Algunos votantes incluso en la petición que todo lo que están conociendo de la pareja es “en contra de su voluntad”, señalando que no todas sus historias deben ser de conocimiento público mientras se nota el hastío del público ante el bombardeo de confesiones personales en tan poco tiempo.

Sin embargo, cuando recordamos el exitoso paso de Will Smith por la cartelera mundial, es imposible no preguntarse qué necesidad tiene el actor de provocar semejante regadero de honestidad. Si tenemos en cuenta que sus películas han cosechado más de 9 mil millones de dólares a nivel mundial (The-Numbers) durante casi 30 años y que King Richard tiene papeletas para llevarlo a los premios Oscar ¿por qué centrar la atención en su vida más íntima con anécdotas personales y sexuales, en lugar de mantener ese perfil comedido pero centrado en lo profesional?

Will Smith y Jada Pinkett Smith en la red carpet de la gala AFI Fest Gala 2021 de 'King Richard' en el Chinese Theatre de Hollywood el 14 de noviembre de 2021 (Jay L. Clendenin / Los Angeles Times via Getty Images)
Will Smith y Jada Pinkett Smith en la red carpet de la gala AFI Fest Gala 2021 de 'King Richard' en el Chinese Theatre de Hollywood el 14 de noviembre de 2021 (Jay L. Clendenin / Los Angeles Times via Getty Images)

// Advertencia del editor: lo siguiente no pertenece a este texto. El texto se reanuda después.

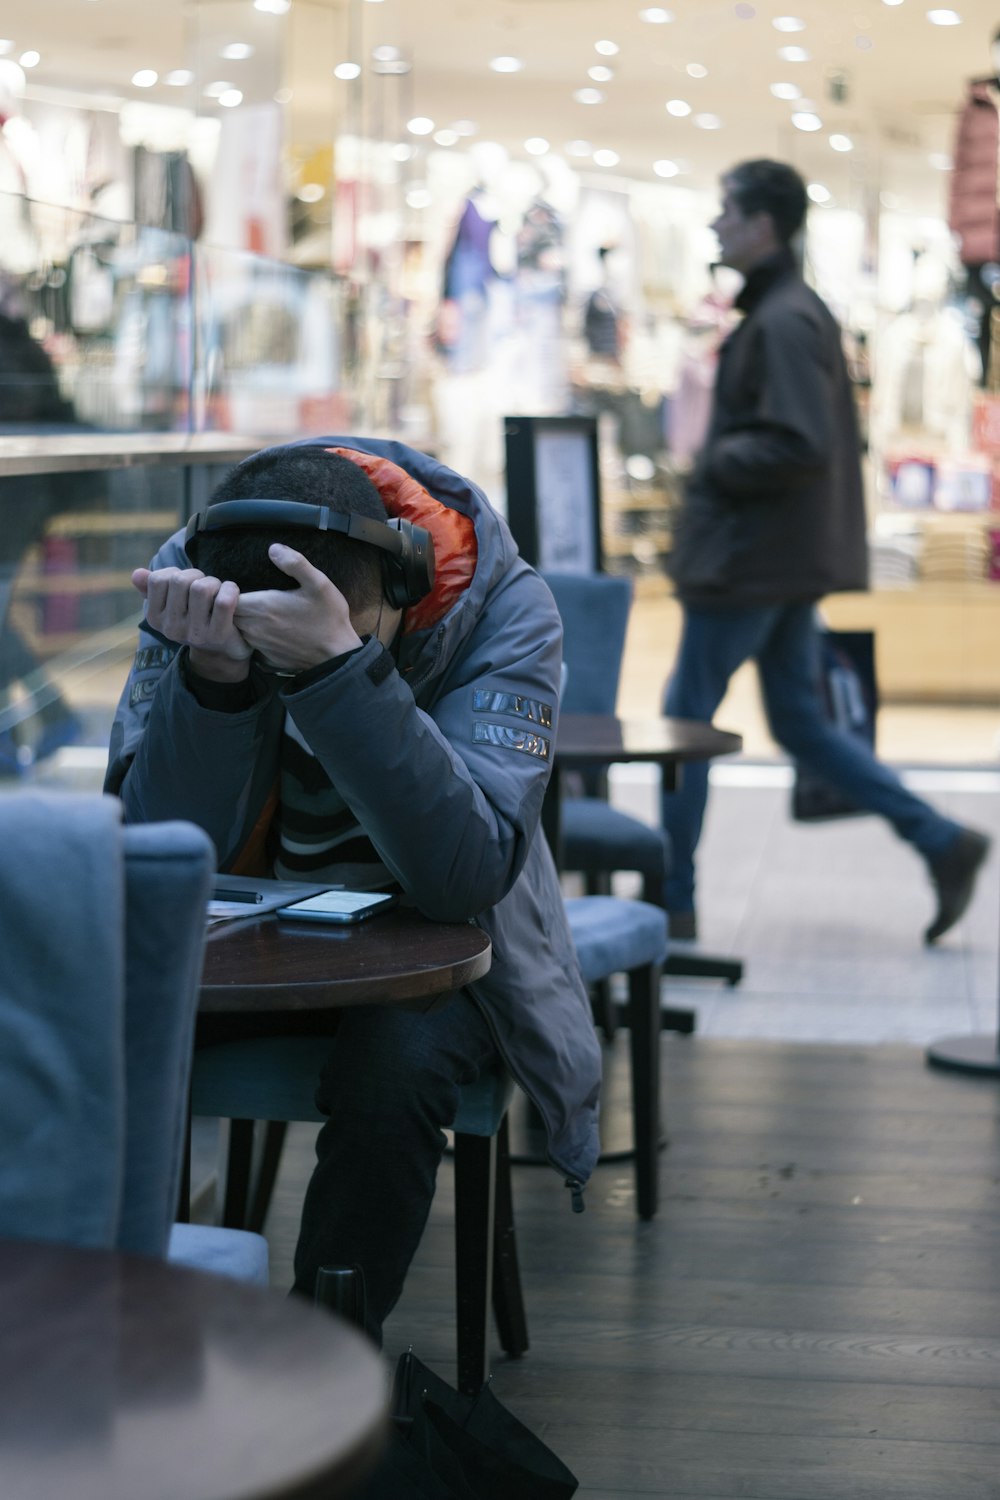 Mann sitzt neben Tisch mit eingeschaltetem Smartphone

Puestos a analizar quizás Will Smith esté viviendo una etapa de desesperación mediática de cara a los premios Oscar. Ya sabemos que mientras más se hable de un actor con posibilidades, más interés generará a nivel mediático y, por ende, más estará en el radar de la Academia y sus votantes. Porque, después de todo, si tiene una espina todavía clavada es precisamente el premio Óscar.

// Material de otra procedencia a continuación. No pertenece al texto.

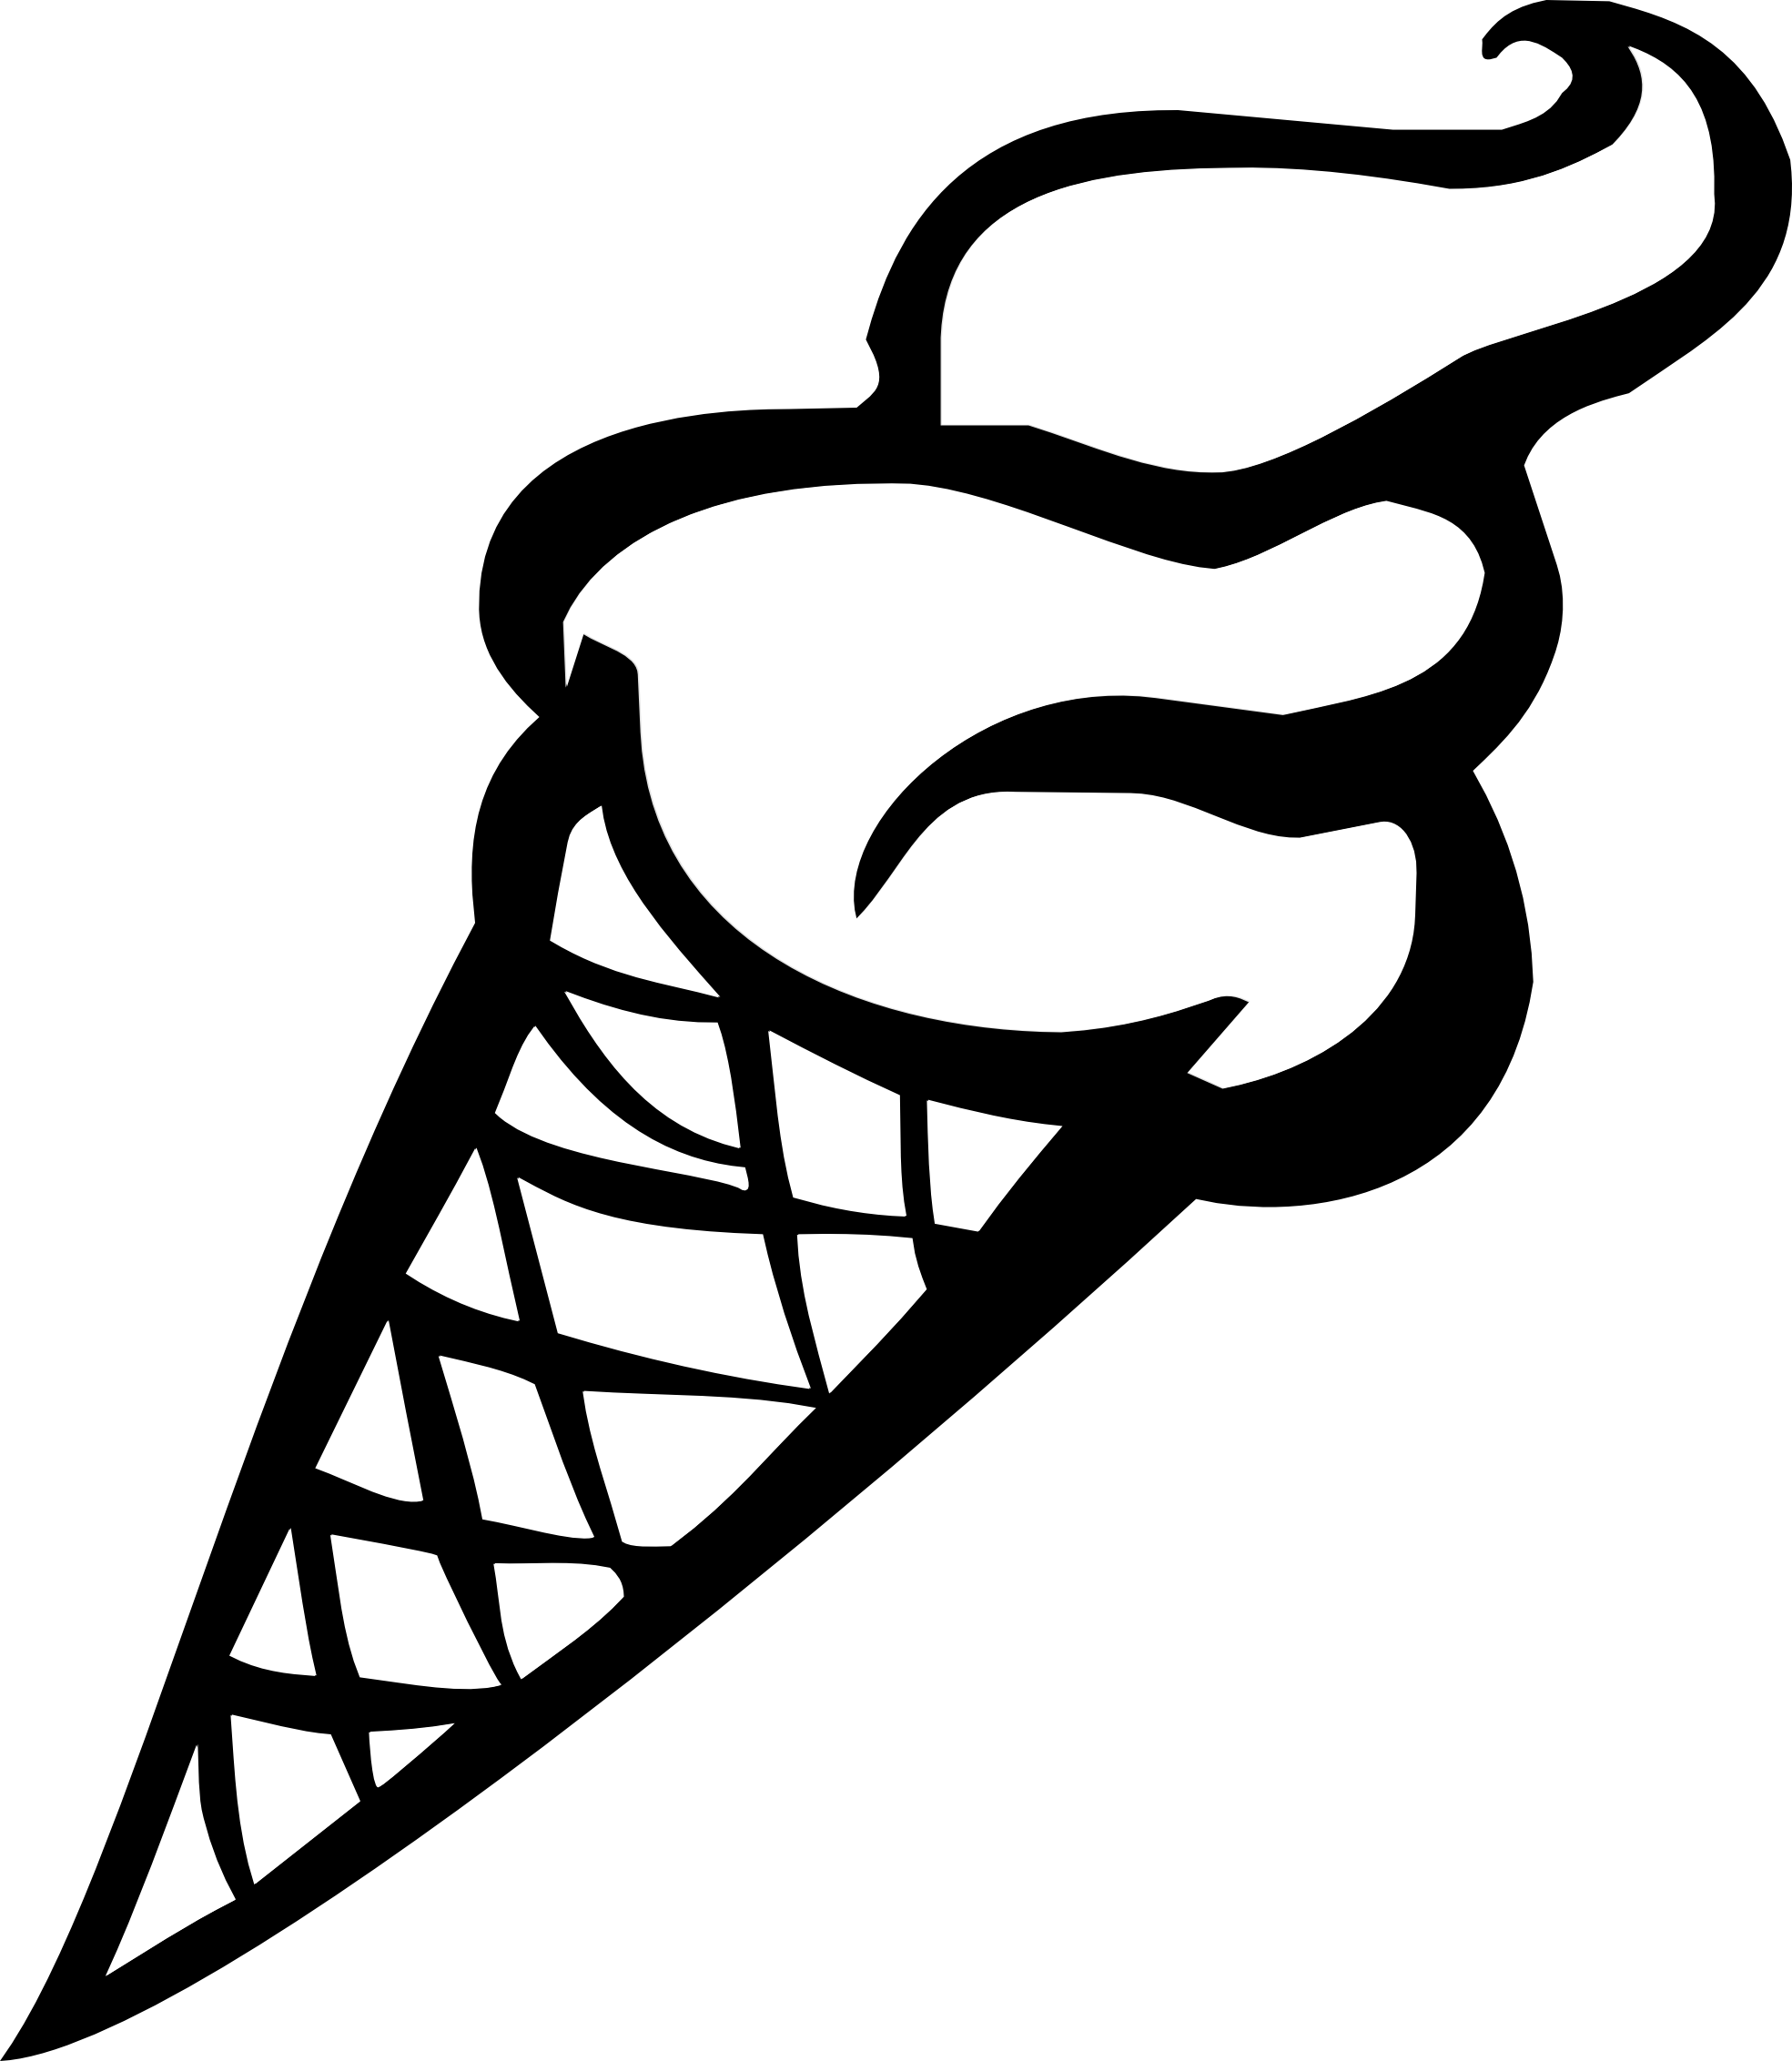 Ice cream cone ice cream3 image #2149

Smith fue nominado en dos ocasiones a mejor actor, en 2002 por Ali y 2007 por En busca de la felicidad. En su favor debo destacar que en ambas sonaba como uno de los favoritos pero no pudo contra Denzel Washington la primera vez (Training Day) y Forest Whitaker más tarde (El último rey de Escocia). También estuvo en la conversación académica por La verdad duele (2015) y Belleza oculta (2016), pero las nominaciones lo pasaron por encima. Es decir, la estatuilla es un logro todavía pendiente en su prolífica carrera y con King Richard podría acercarse de nuevo.

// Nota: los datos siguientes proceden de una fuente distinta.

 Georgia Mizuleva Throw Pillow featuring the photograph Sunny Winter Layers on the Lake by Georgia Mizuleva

Por eso esta presencia mediática constante a golpe de confesiones íntimas que han superado el hastío público comienza a antojarse como ejemplo de la desesperación de Will por el Óscar. De estar presente en la conversación cuando comienza la temporada de premios, forzando su lugar colocando su figura pública como escudo principal de la autopromoción, mientras su trabajo en la película queda en realidad en un segundo plano. El mayor problema que refleja este resumen y la petición de firmas online es que, en definitiva, estaría manchando esa imagen pública de personaje comedido, carismático y gracioso que no dejaba de ser actor por mucho que nos hiciera gracia en sus entrevistas, para convertirse en un personaje que está empezando a provocar hastío.